# Juicing Apples



## JMediger (Sep 2, 2009)

Not sure if this is in the right place ... please feel free to move me.

I am juicing apples tonight for wine later and am wondering about the seeds.  I would like to use the pulp that is left for bread or cake and I wonder if the seeds might leave it bitter ... thoughts?  experience?  suggestions?

Thank you!


----------



## GB (Sep 2, 2009)

I would think the seeds would leave it bitter. Also, the seeds contain arsenic. A little amount won't hurt you, but you should avoid eating them when you can.


----------



## ErikC (Sep 2, 2009)

GB said:


> I would think the seeds would leave it bitter.

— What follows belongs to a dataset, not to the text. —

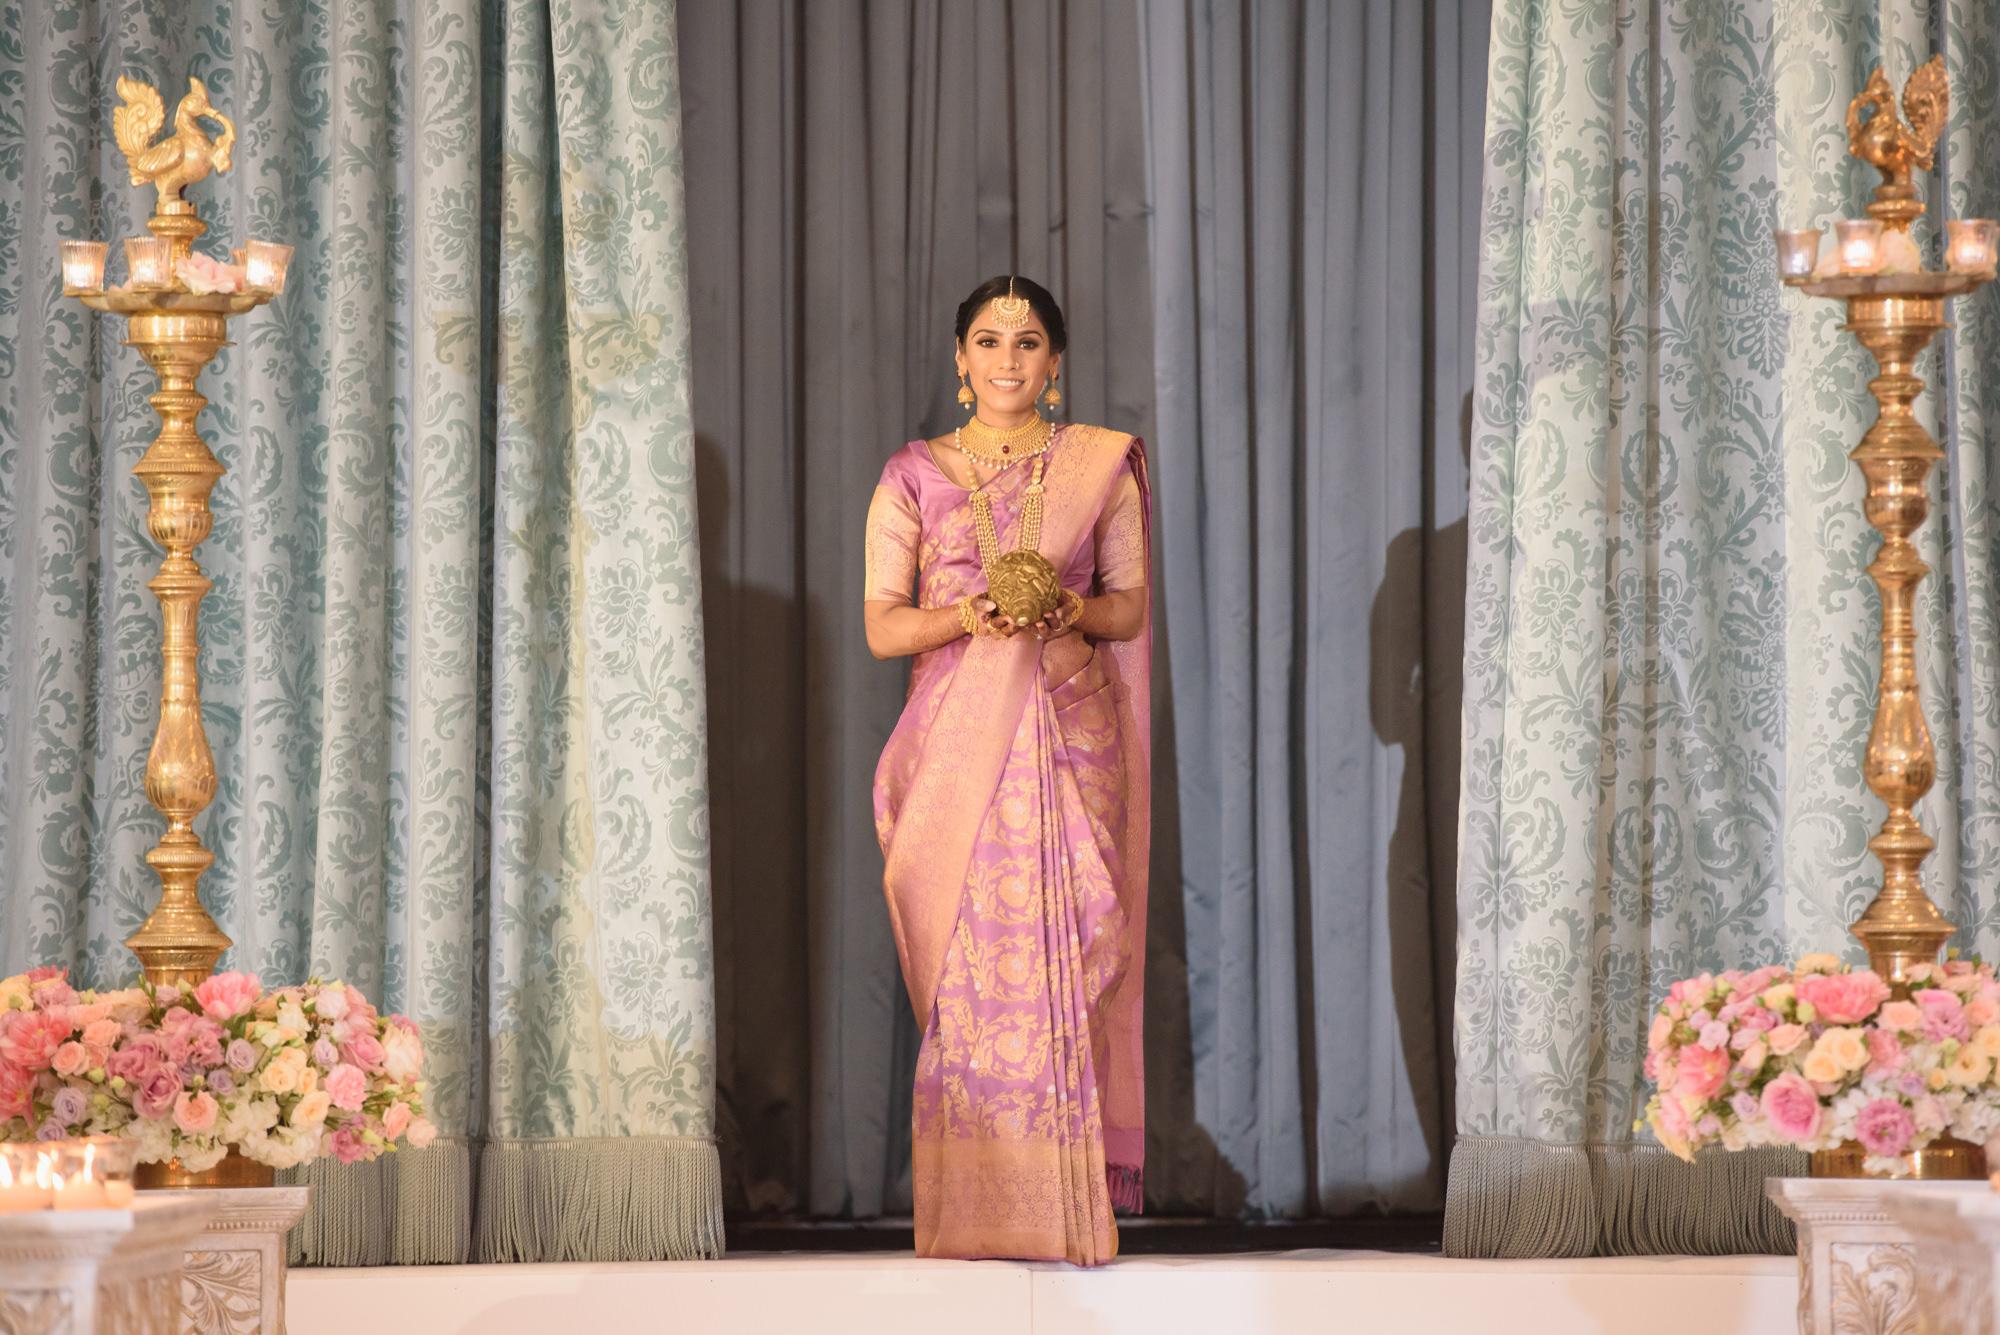 Tamil Gujrati hindu wedding photography photographer london the savoy -37.jpg

Also, the seeds contain arsenic. A little amount won't hurt you, but you should avoid eating them when you can.



Arsenic?? Wow! I never knew that. Is that true of all varieties of apples?


----------



## GB (Sep 2, 2009)

It is, yes.


----------



## GB (Sep 2, 2009)

Sorry, I did not mean to say arsenic. It is cyanide.


----------



## GB (Sep 2, 2009)

There are other fruits that contain this too, but at the moment my mind is blank on which ones they are.


----------



## GB (Sep 2, 2009)

It looks like cherry, peach, and apricot pits are the others I was thinking of.

Some more info here.


----------



## ChefToddMohr (Sep 2, 2009)

The pulp from apples and pears can be used as a hydroscopic element in low fat baking.  There are some formulas on the internet for low fat cooking that replaces a great percentage of butter and/or egg yolk for apple sauce or puree.  It leaves cakes and muffins a little more dense, but naturally sweet.

Chef Todd Mohr


----------



## JMediger (Sep 2, 2009)

Thank you!  Seeds are coming out, would rather not kill people with either the wine or pulp.


----------